According to Rose anyone called Darren is destined to stand behind the till of his local building society. Hugo will go into the family business or, failing that, the army.

“Kylies will work the checkout in Woolworths,” Rose claims, while anyone called Poppy, Aurora or Chloe will either paint pottery, as her parents intended, or rebel completely and opt for business studies. According to Rose, Chloes shouldn’t be confused with Clios. “Anyone named after a car is always destined for Woolworths.”

Of course it’s true that prejudice and cliche inform Rosemary’s snap judgments but not without foundation. Baptismal names tell you a lot about the kind of parenting a child will receive.

My own parents picked Adrian - which I always saw as aspirational and artistic - whereas my wife and I chose Sarah because, well, as Rosie put it: “You wanted a good dependable name. A nice, helpful, midde-class girl who will grow up to become a teacher or literary agent, that sort of thing,”

Unfortunately I hadn’t realised that Sarah was in the kitchen up until this point. Suddenly she flounced off in a very unhelpful way. Even teachers and literary agents can feel taken for granted, which left me wondering if we had cursed our daughter with too much good sense for a 13-year-old?
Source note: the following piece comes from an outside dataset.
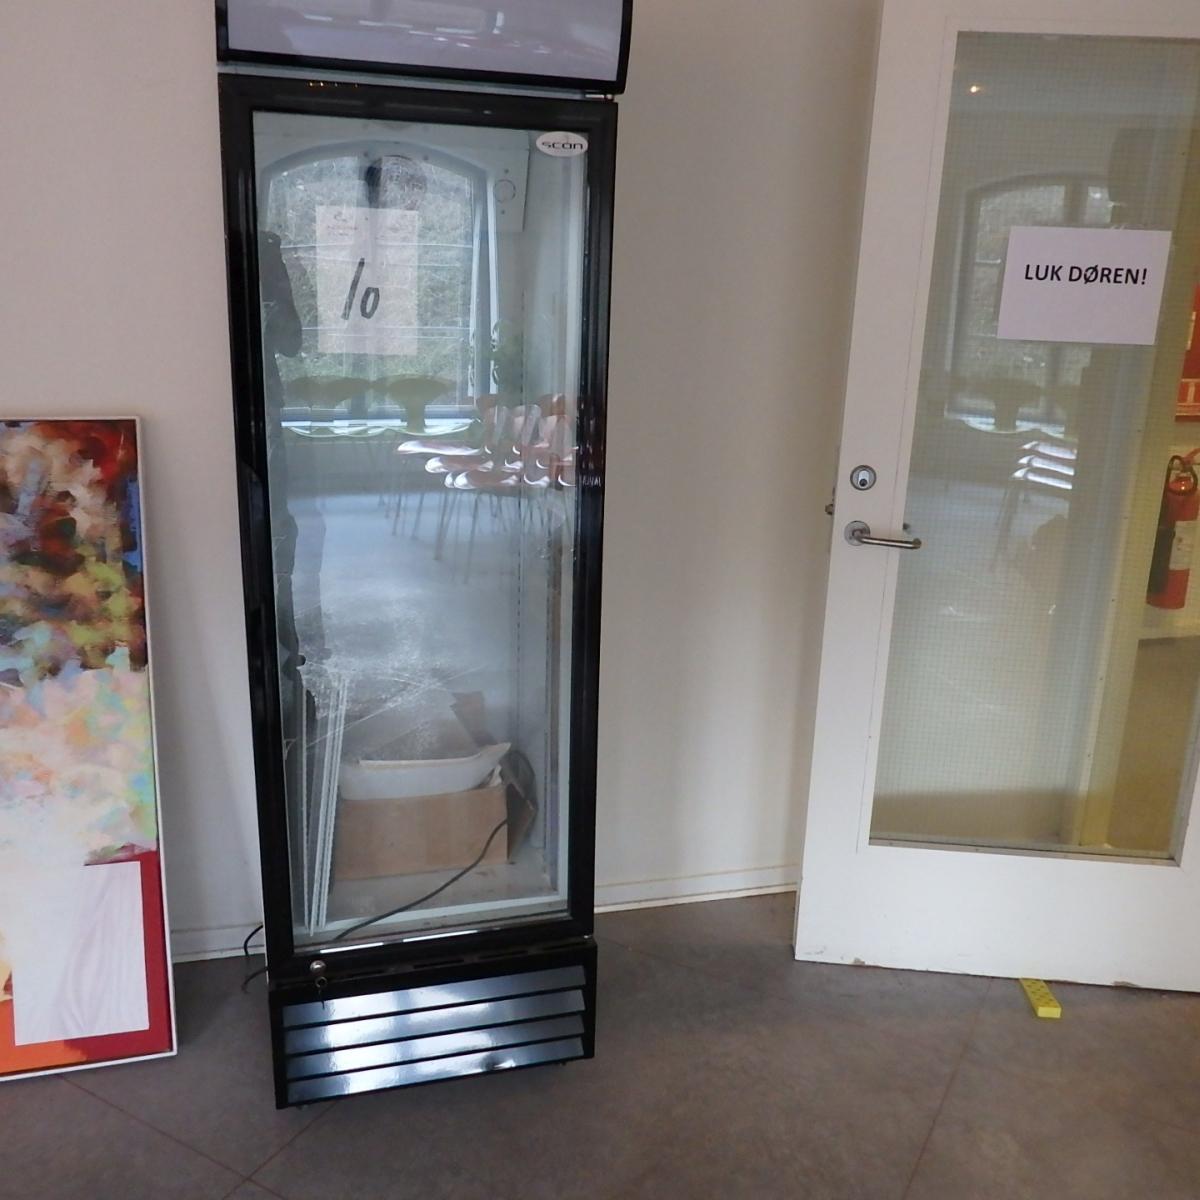 Kühlschrank mit Glastür SCAN COOL 200 x 60 x 60 cm - KJ Auktion ...

Sarah could have been born under the most passionate of stars and possess a DNA structure almost identical to that of Cleopatra but maybe she’s been scuppered by the name. Did we, at birth, pin a school form monitor badge on her soul? I found myself worried.

That was until Rosie got on to her fourth glass and began speaking about Adrians. “Geeks to a man,” she said. “Computer programmers. Stand around in anoraks looking at trains.”

Suddenly Sarah seemed quite safe. Rose clearly has no idea what she’s talking about.